First Posted: 06/ 3/11 06:59 PM ET Updated: 06/ 4/11 12:49 AM ET

This story was reported in collaboration with our partners at Patch.com.

For the past three months, the millions of Americans who've been getting by on savings and unemployment checks could at least take some comfort in the job reports that the Bureau of Labor Statistics releases on the first Friday of every month. Almost 200,000 new jobs in February, about as many as that in March, and 232,000 in April. Even people who hadn't worked since the recession began had reason to believe that things were looking up.

Yet there were signs all along that things could get worse, and then last month they did. According to Friday's bombshell jobs report, the U.S. economy added only 54,000 jobs in May, far fewer than expected or needed. Meanwhile, the unemployment rate actually worsened by a tenth of a percentage point. For some job-seekers, this news was just too bleak to contemplate.

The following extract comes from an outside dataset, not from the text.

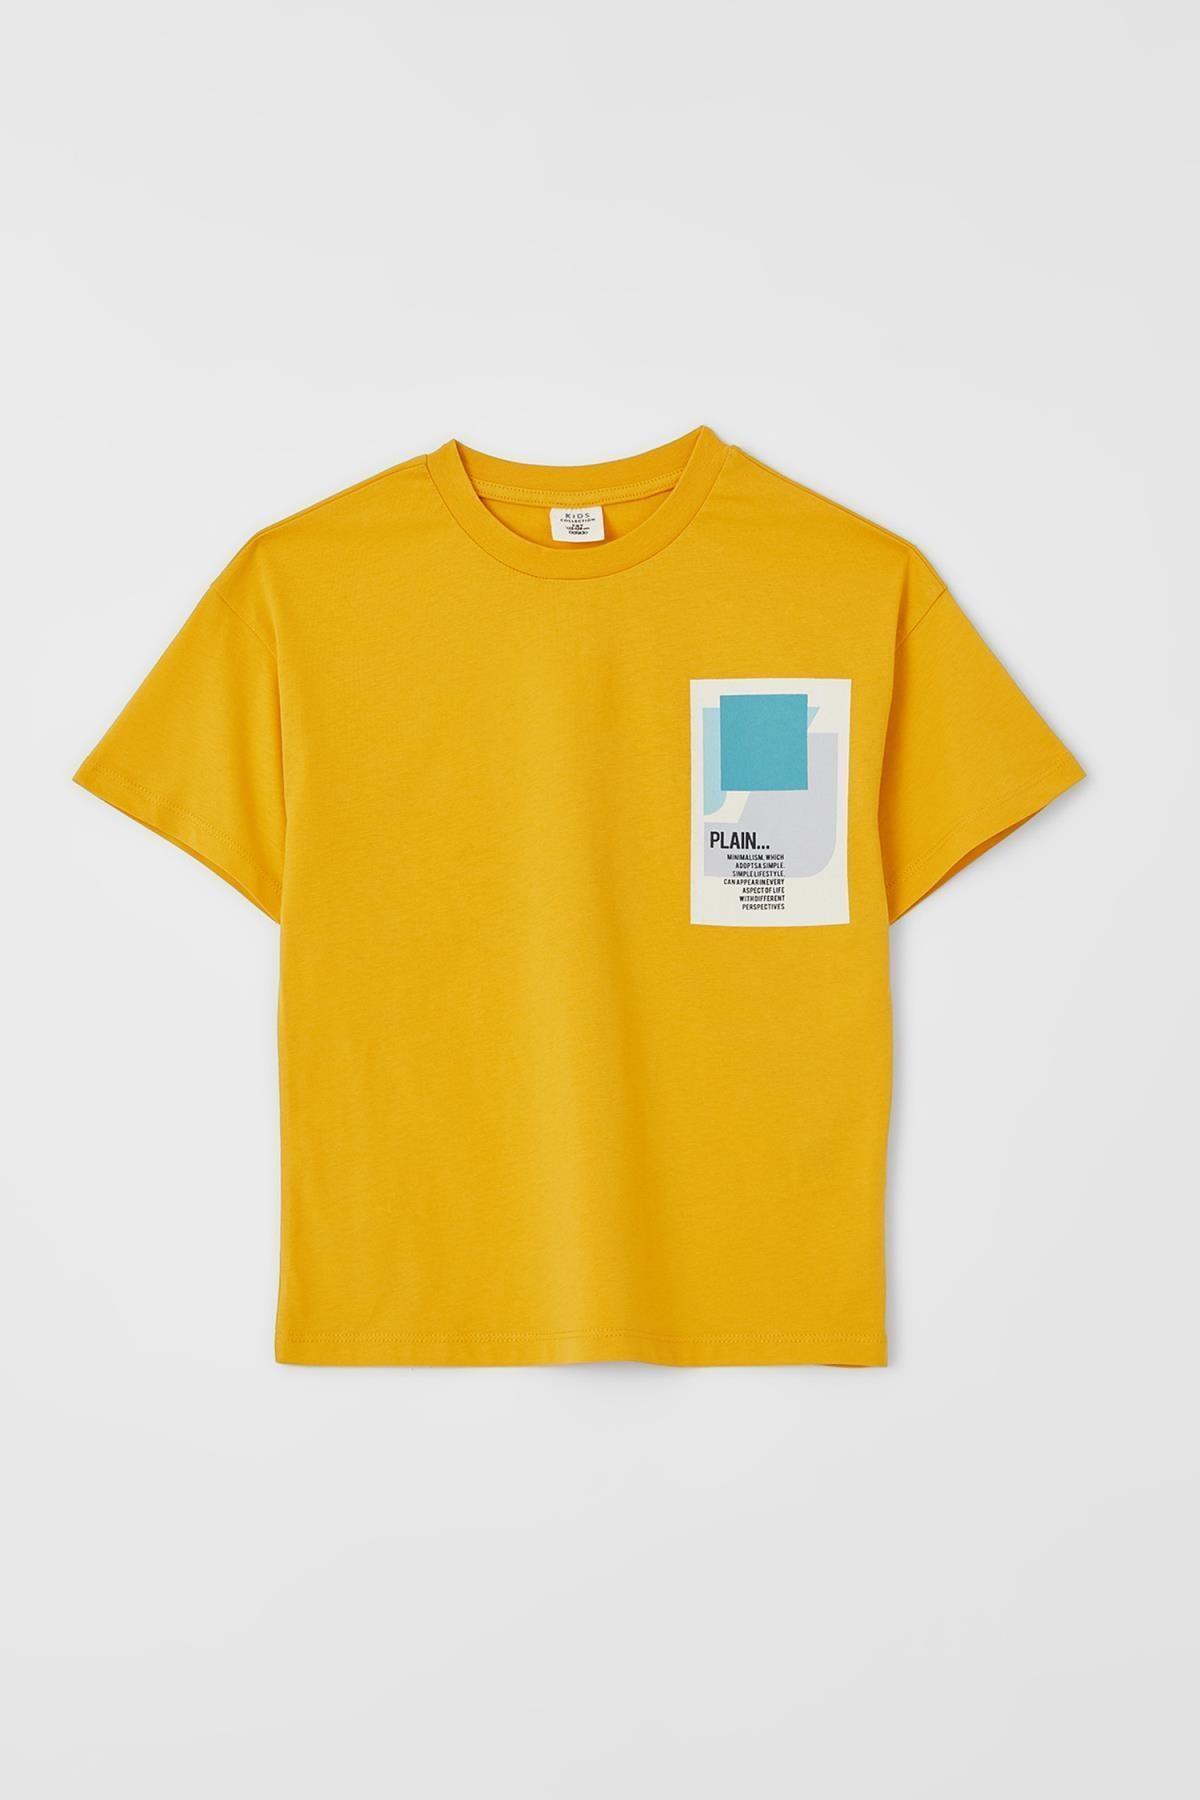 Erkek Çocuk Oversize Fit Slogan Baskılı Kısa Kollu Tişört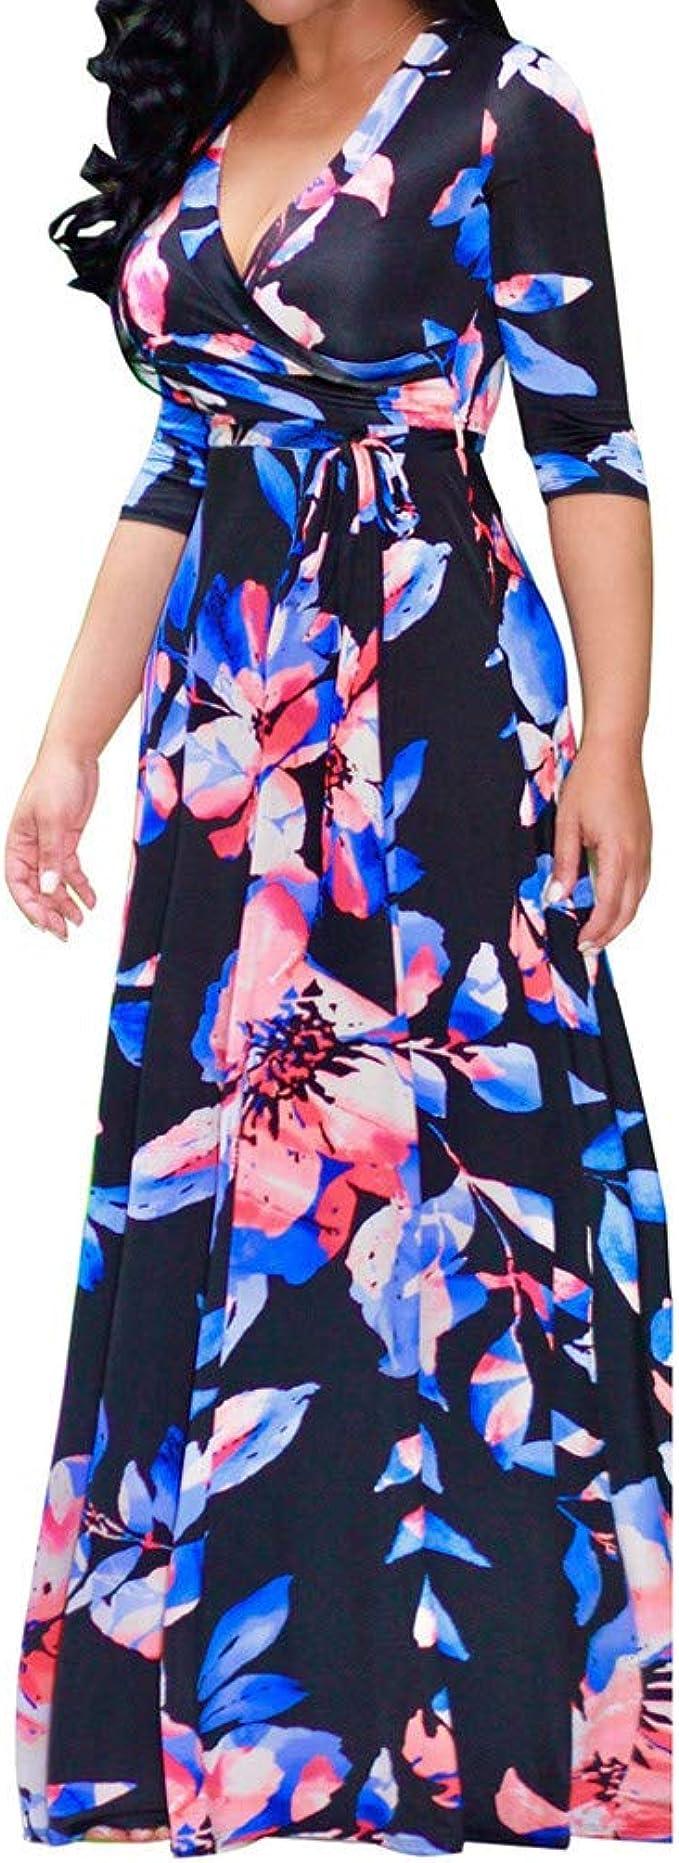 Damen Sommerkleid,Lang Kleider Maxikleid Strandkleid Damen Elegante  Abendkleid Partykleid Übergröße Kleid mit O Ausschnitt Applikationen ...

"The numbers are just so discouraging that after a while there's no reason for me to look at them," said a battle-weary Stephen Brown, a 31-year-old business school graduate from Morristown, N.J.

Brown is among the millions of people for whom today's news landed with an especially heavy thud -– the unemployed, the temps, the part-time contractors. A couple days ago, some of those job-seekers gathered at a workshop in the suburbs of Chicago.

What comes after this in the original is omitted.